By leaving an estimated ₹1 trillion–₹1.2 trillion in the hands of middle-income households, GST reform could sustain domestic demand at a time when external growth engines remain weak.

The benefits extend beyond urban consumption.

Lower GST on farm machinery and equipment, now mostly in the 5% slab, has reduced input costs for nearly 400 million farmers, supporting rural purchasing power and food supply chains. A more competitive agriculture sector also complements industrial growth by moderating inflationary pressures, keeping real incomes steady.

Compliance to Competitiveness
The MSME sector, employing over 120 million people, is emerging as one of the biggest beneficiaries of this reform. Invoice-based input tax credits are forcing a move from informal to formal operations, giving small enterprises the credit history needed to access cheaper formal finance.

With working capital freed from refund delays and disputes over classification reduced through rationalised rates, MSMEs can now focus on productivity and scale rather than paperwork.

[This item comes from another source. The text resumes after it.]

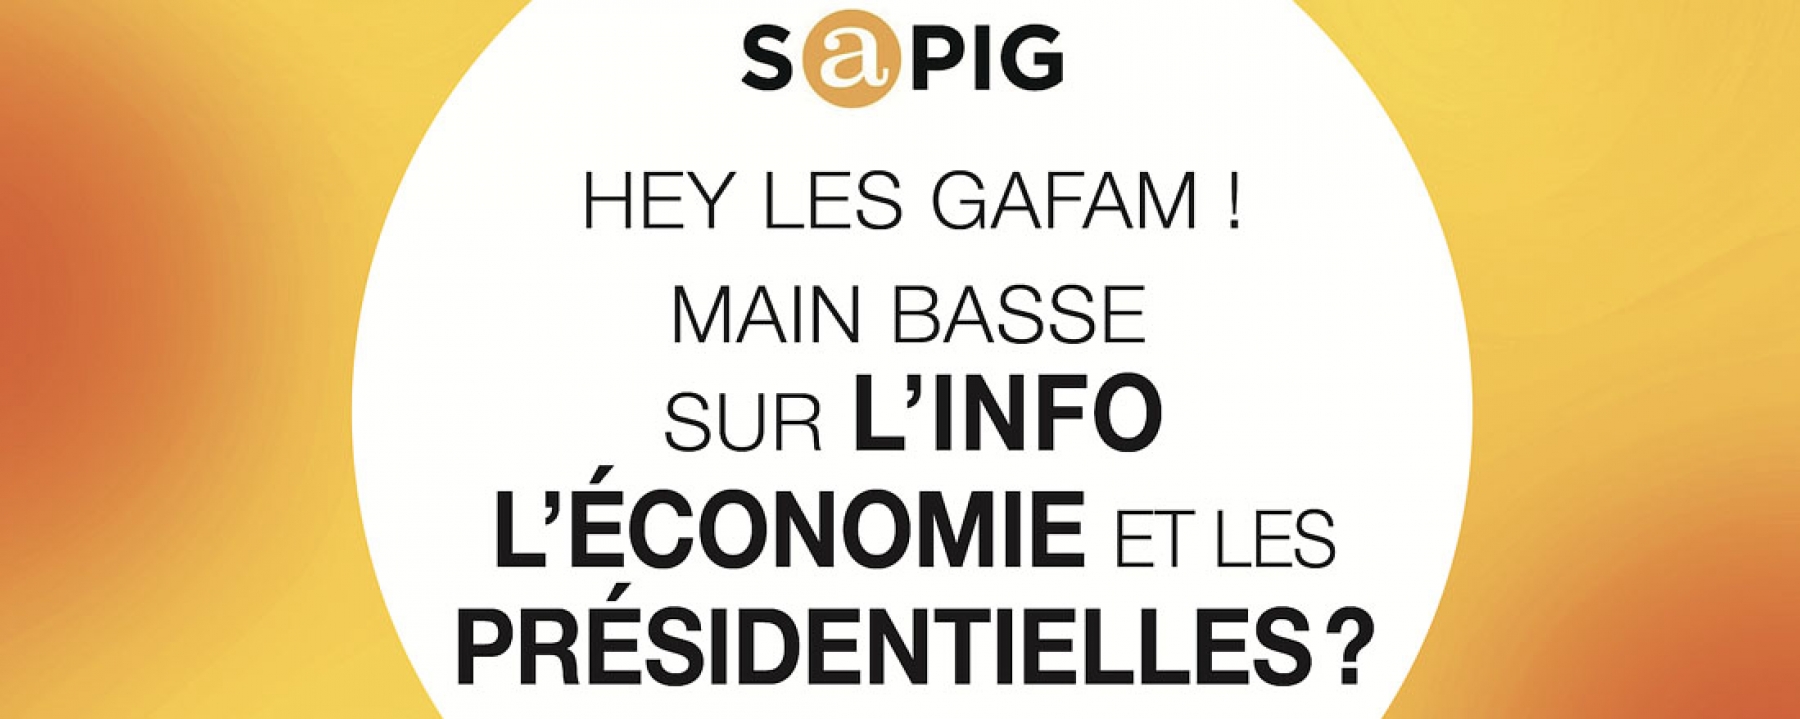 Hey les GAFAM ! Main basse sur l'info, l'économie et les présidentielles ? par SAPIG le 10 juin 2021

These structural gains are not trivial. As GST evolves into a seamless value-added tax, it is beginning to reward efficiency instead of compliance. Aligning tax rates on inputs like yarn, fibres, and fertiliser feedstock with those on final goods has reduced cost distortions and improved cash flow for manufacturers. The system’s design, faster refunds, uniform rates, and fewer exemptions, are gradually shifting the fiscal mindset from penalising production to enabling it.

Fiscal Maturity
Critics worry that rationalisation could erode near-term revenue. Yet the initial data, and the buoyancy of collections over the past two years, point to a more sustainable outcome: a broad, stable tax base underpinned by higher voluntary compliance. That marks a quiet but important departure from India’s long history of fiscal anxiety.

The real macroeconomic gain may therefore be institutional, not arithmetic.

By trusting consumers to spend and firms to grow, India’s policymakers are signalling a shift from revenue maximisation to growth maximisation. The macroeconomics of taxation is ultimately about confidence in the economy’s capacity to generate income faster than the state can tax it.

The mood in the room full of tax administrators was that confidence may be taking root.